У Зинаиды был прекрасный голос и актерский дар. Повзрослев, она много путешествовала, выступала на оперных сценах в Лондоне, Париже и Вене. В 1810 году светская дама вышла замуж за князя Никиту Волконского. В 1824-ом году супруги осели в Москве.

Как только Зиночка вернулась под мою крышу - я сразу понял, скучной жизни конец! И не ошибся. Дом вновь наполнился дамским шепотом, томным ароматом духов и живых цветов. 

И ЖИЗНЬ, И СЛЕЗЫ, И ЛЮБОВЬ

Зинаида ввела в моду литературные и музыкальные вечера. Слава об этих светских раутах гремела по всей Москве. Моими частыми гостями были Пушкин, Жуковский, Давыдов, Одоевский, Алябьев и многие другие передовые люди середины 19 века. Помню, как Александр Сергеевич задумчиво расхаживал в гостиной с блокнотом в руках. Неловко краснел в присутствии Зины, а когда она бросала не него взгляд, быстро отворачивался к окну. Я-то сразу понял: «Влюбился, голубчик!» И оказался прав! Именно Волконской Пушкин посвятил известный эпитет «Царица муз и красоты». Были и другие строки, в которых он восхищался Зинаидой.

Среди рассеянной Москвы, При толках виста и бостона, При бальном лепете молвы Ты любишь игры Аполлона.

Александр Сергеевич был не единственным поклонником Волконской. Ей симпатизировал сам Александр Первый! День и ночь мои пороги обивал робкий юноша Дмитрий Веневитинов. Он, буквально, забрасывал мою хозяйку стихами. Их названия говорили сами за себя: «К моей богине», «Три розы», «Нежданный праздник». 

Нежные чувства к Зинаиде питал еще один завсегдатай литературного салона - поэт Иван Козлов. Он посвятил даме сердца следующие строки:

О, помню я, каким огнем Сияли очи голубые, Как на челе ее младом Вилися кудри золотые! И помню звук ее речей, Как помнят чувство дорогое; Он слышится в душе моей, В нем было что-то неземное.

В общем, удивительной женщиной была Зина. И я горжусь тем, что был с ней знаком. Будь я мужчиной, а не домом, наверное, тоже упал бы к ее ногам!

В 1826 году под моей крышей сделала последнюю остановку перед поездкой в Сибирь Мария Волконская - жена декабриста Сергея Волконского, - родного брата супруга Зинаиды. 

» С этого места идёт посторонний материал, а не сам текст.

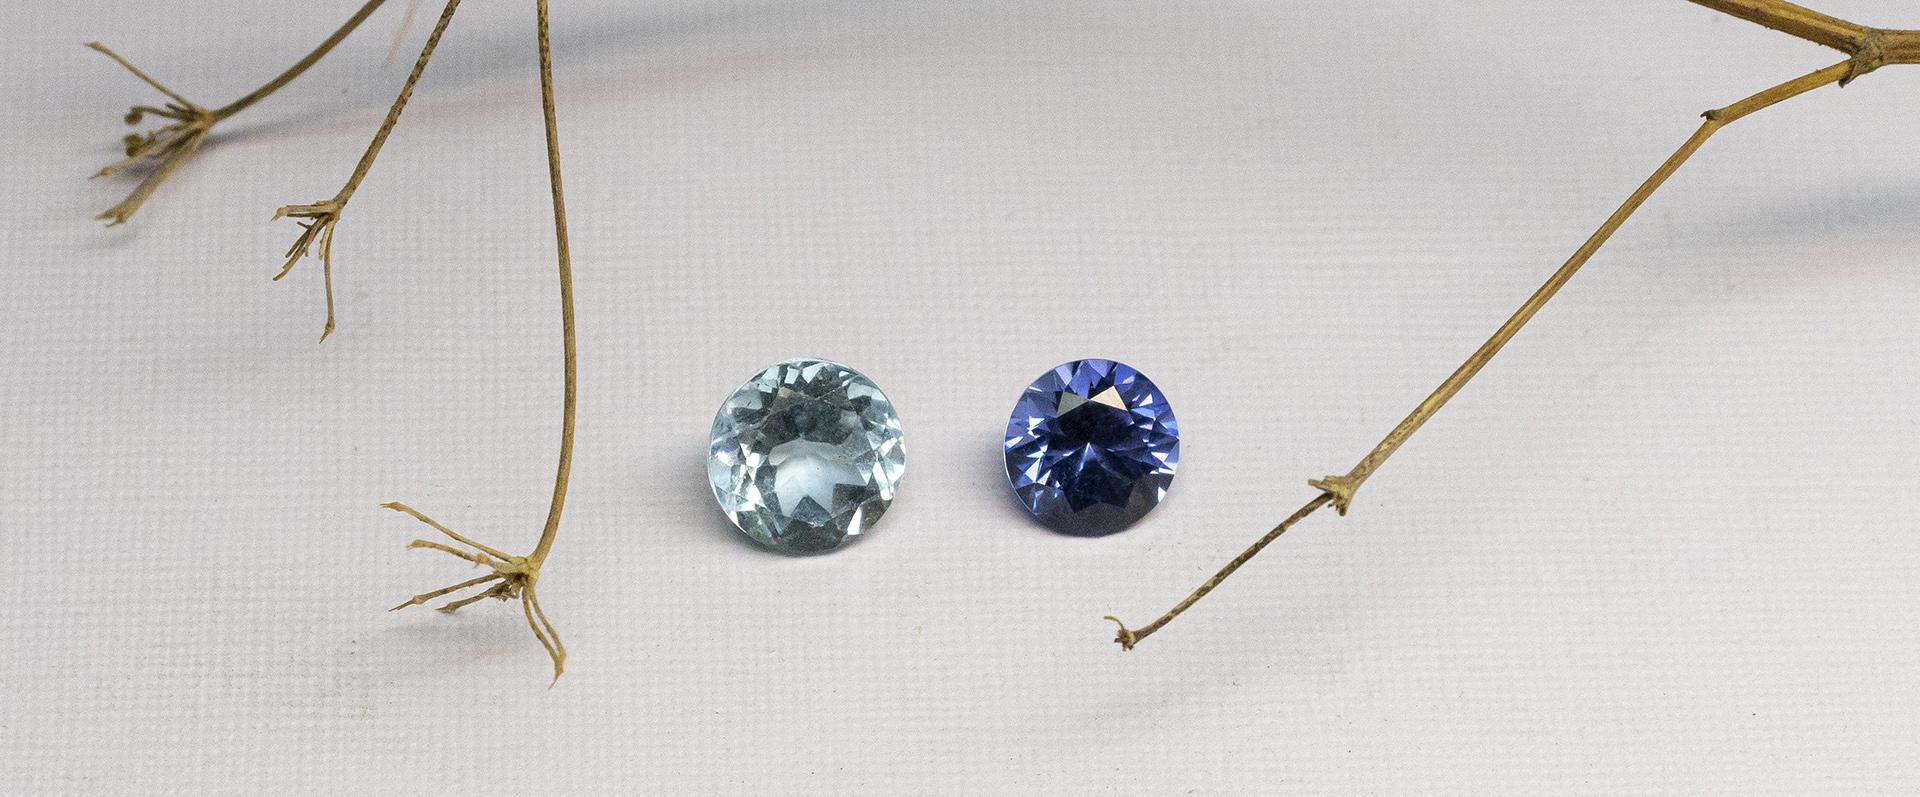 Как обманывают магазины и ювелиры при продаже камней

Сергей Григорьевич принимал активное участие в движении декабристов. Уже после выступлений на Сенатской площади он присоединился к восстанию Черниговского полка. Был арестован и заключен в Петропавловскую крепость. Волконского лишили всех чинов и дворянства, и приговорили к 20 годам ссылки в Сибирь. Верная жена последовала за мужем в холодный и суровый край.

«Прощальный вечер» был полон и сладких воспоминаний, и горечи от предстоящей разлуки. Дамы утирали слезы и клялись друг другу в вечной дружбе. 

Проводы Марии Волконской с документальной точностью описал литератор Николай Некрасов в своей поэме «Русские женщины». 

Ну, словом, что было в Москве повидней, Что в ней мимоездом гостило, Все вечером съехались к Зине моей: Артистов тут множество было, Певцов итальянцев тут слышала я, Что были тогда знамениты… Отца моего сослуживцы, друзья Тут были, печалью убиты.

В 1829 году Зинаида переехала в Рим. Хозяйка была восхищена культурой и традициями Италии. Она и раньше проводила много времени в этой солнечной стране. А потом и вовсе - приняла католичество и решила остаться там навсегда. 

Ох, как я переживал. То грустил в одиночестве, то встречал случайных людей. Я сменил несколько владельцев. Но, по сути, так и оставался один. Привыкший к шуму музыки и свету огней, в тревожном ожидании я коротал свои дни. Особо страшно делалось мне по ночам. И ведь было, чего бояться!

ПИФ-ПАФ, И ВЫ ПОКОЙНИКИ

Напротив меня стоял одинокий старик - заброшенный, с выбитыми стеклами особняк помещика Гурьева. Горожане окрестили моего соседа «домом с чертями». Прохожие уверяли, что слышали по ночам вой и грохот старого железа. Из дома, якобы, внезапно вылетали кирпичи, а в уцелевших окнах мелькал призрак женщины в белом. 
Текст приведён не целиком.